Objectives: To investigate whether ultrafast sequence improves the diagnostic performance of conventional dynamic contrast-enhanced magnetic resonance imaging (DCE-MRI) in differentiating additional suspicious lesions (ASLs) on preoperative breast MRI.

Materials and methods: A retrospective database search identified 668 consecutive patients who underwent preoperative breast DCE-MRI with ultrafast sequence between June 2020 and July 2021. Among these, 107 ASLs from 98 patients with breast cancer (36 multifocal, 42 multicentric, and 29 contralateral) were identified. Clinical, pathological, conventional MRI findings, and ultrafast sequence-derived parameters were collected. A prediction model that adds ultrafast sequence-derived parameters to clinical, pathological, and conventional MRI findings was developed and validated internally.

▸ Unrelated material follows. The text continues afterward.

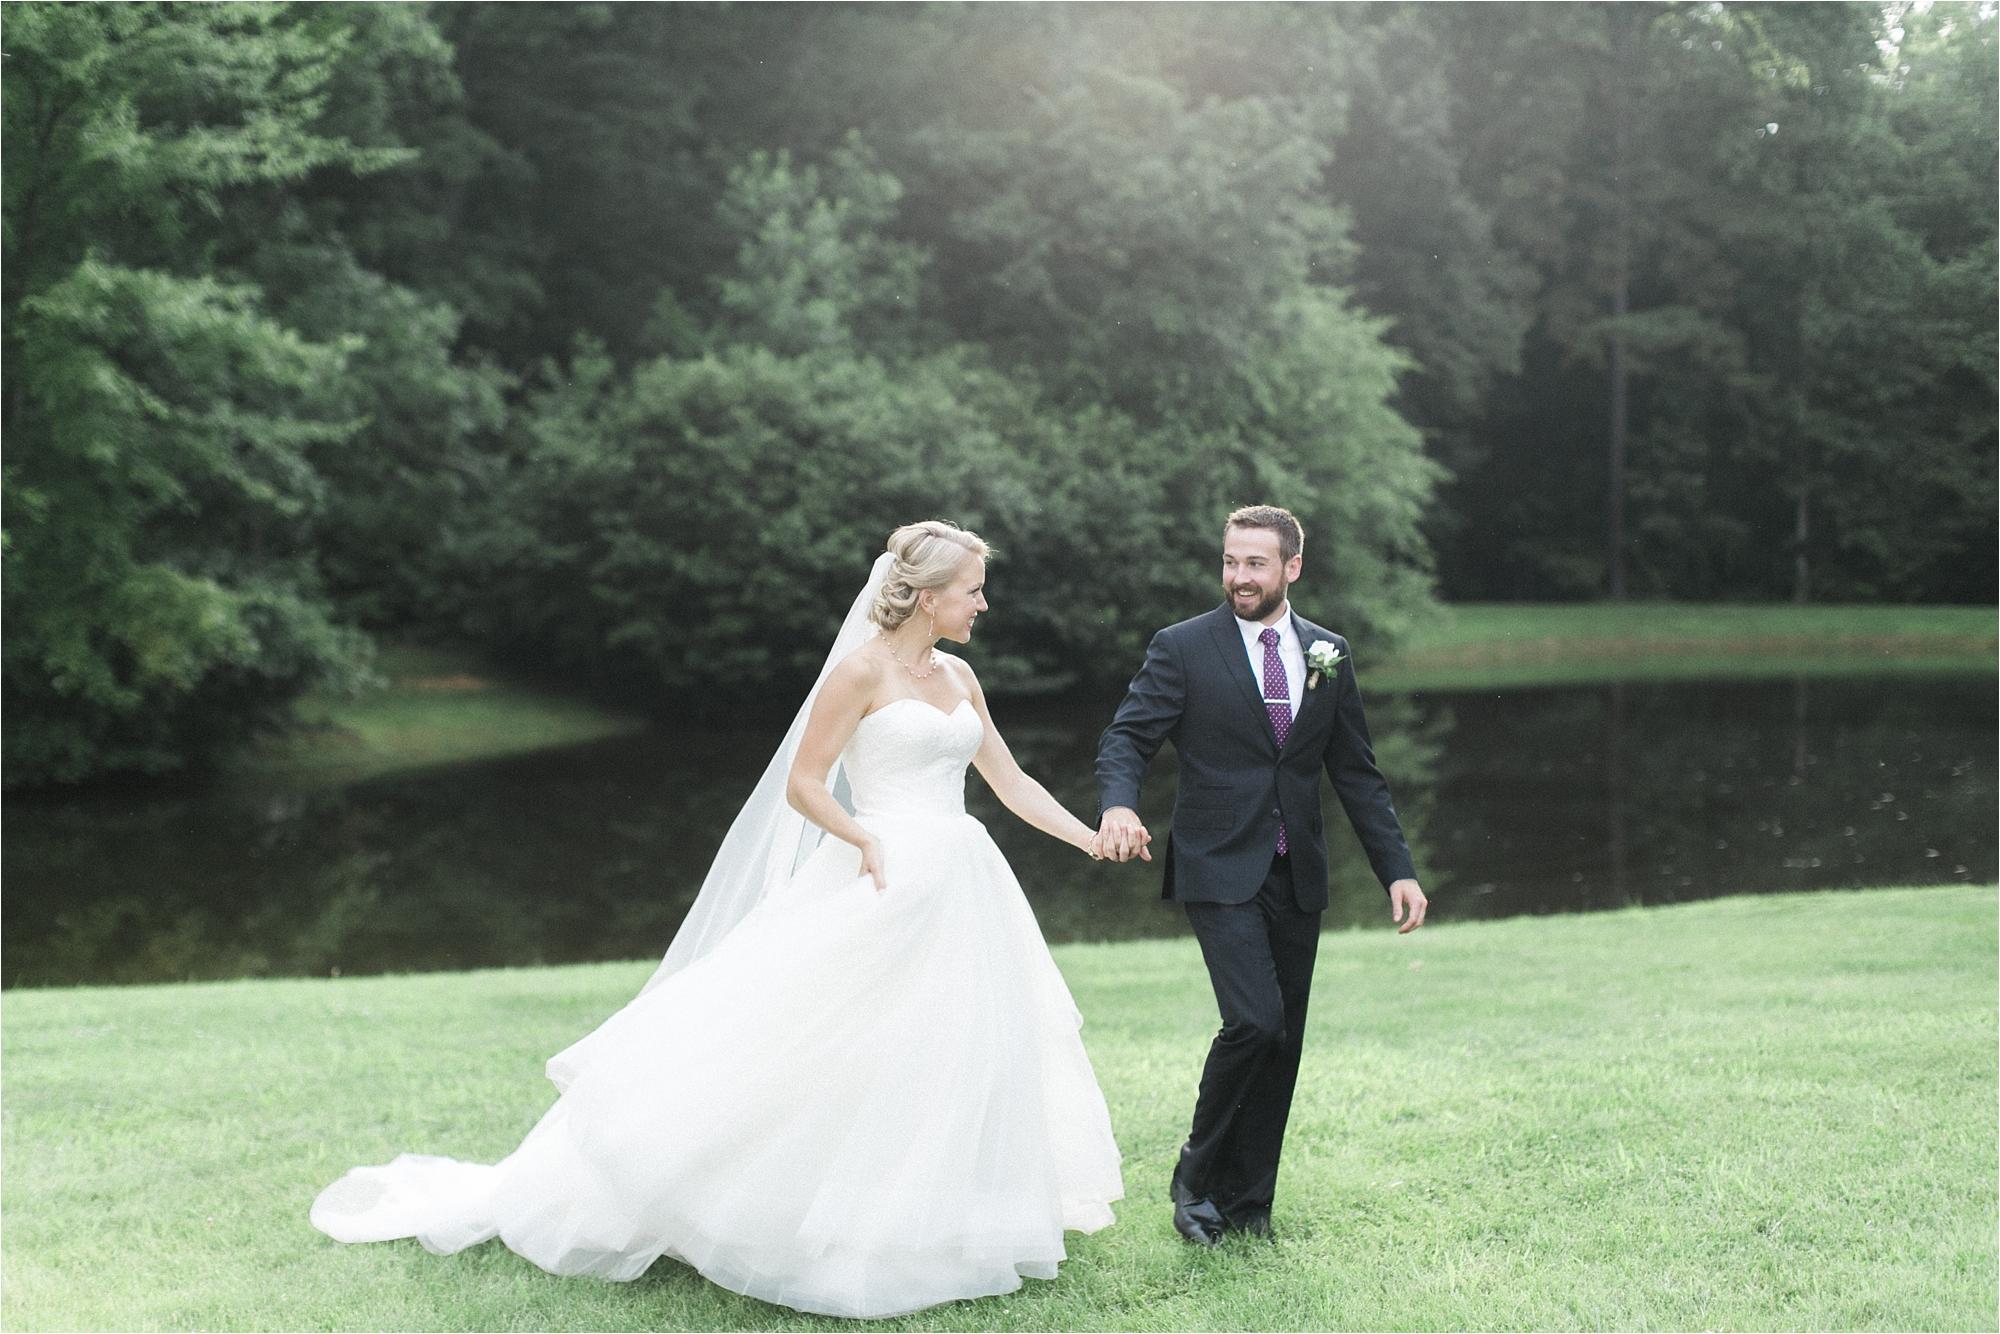 fredericksburg-virginia-stevenson-ridge-wedding-stephanie-yonce-photo_0033.jpg

Decision curve analysis and net reclassification index statistics were performed. A nomogram was constructed.

Results: The ultrafast model adding time to peak enhancement, time to enhancement, and maximum slope showed a significantly increased area under the receiver operating characteristic curve compared with the conventional model which includes age, human epidermal growth factor receptor 2 expression of index cancer, size of index cancer, lesion type of index cancer, location of ASL, and size of ASL (0.92 vs. 0.82; p = 0.002). The decision curve analysis showed that the ultrafast model had a higher overall net benefit than the conventional model. The net reclassification index of ultrafast model was 23.3% (p = 0.001).

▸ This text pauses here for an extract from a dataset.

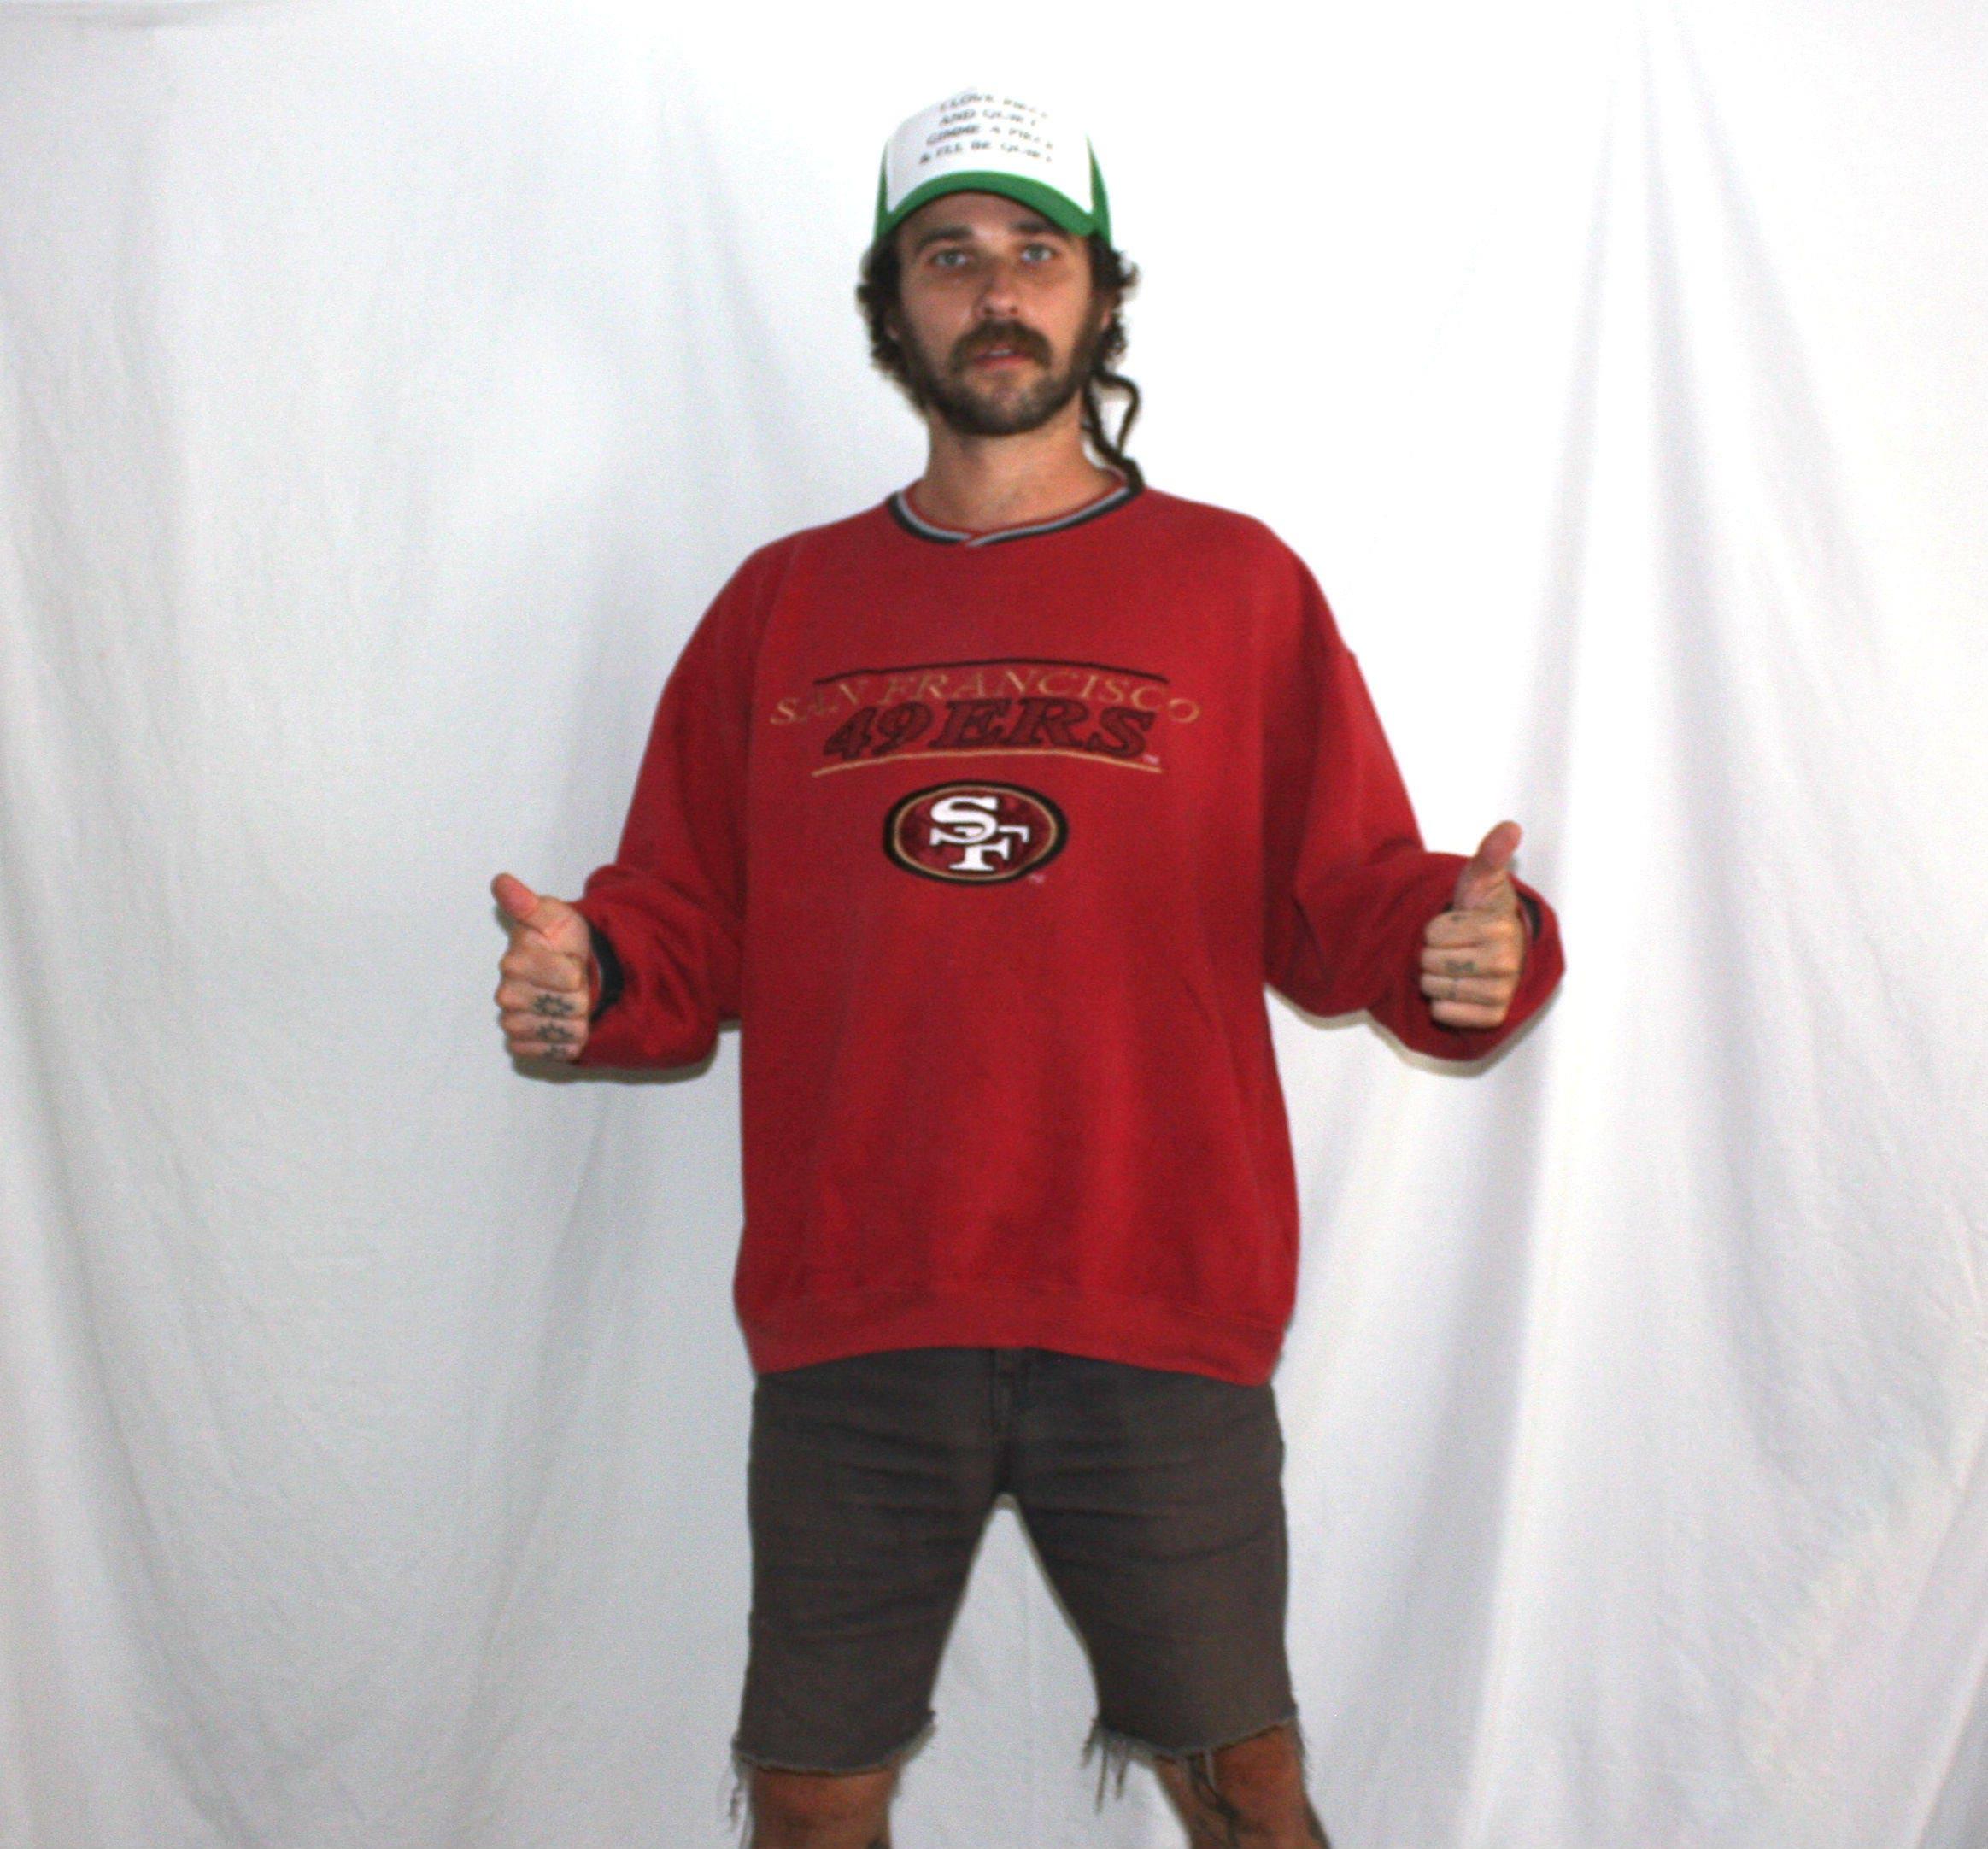 d61b09f38af San Francisco 49ers Vintage 90s Crewneck Sweatshirt. Retro Throwback NFL  Football Collectible Shirt. 2XL 90s Hip Hop NFL 49ers Joe Montana

Conclusion: A combination of ultrafast sequence-derived parameters with clinical, pathological, and conventional MRI findings can aid in the differentiation of ASL on preoperative breast MRI.

Clinical relevance statement: Our prediction model and nomogram that was based on ultrafast sequence-derived parameters could help radiologists differentiate ASLs on preoperative breast MRI.

Key points: Ultrafast MRI can diminish background parenchymal enhancement and possibly improve diagnostic accuracy for additional suspicious lesions (ASLs). Location of ASL, larger size of ASL, and higher maximum slope were associated with malignant ASL. The ultrafast model and nomogram can help preoperatively differentiate additional malignancies.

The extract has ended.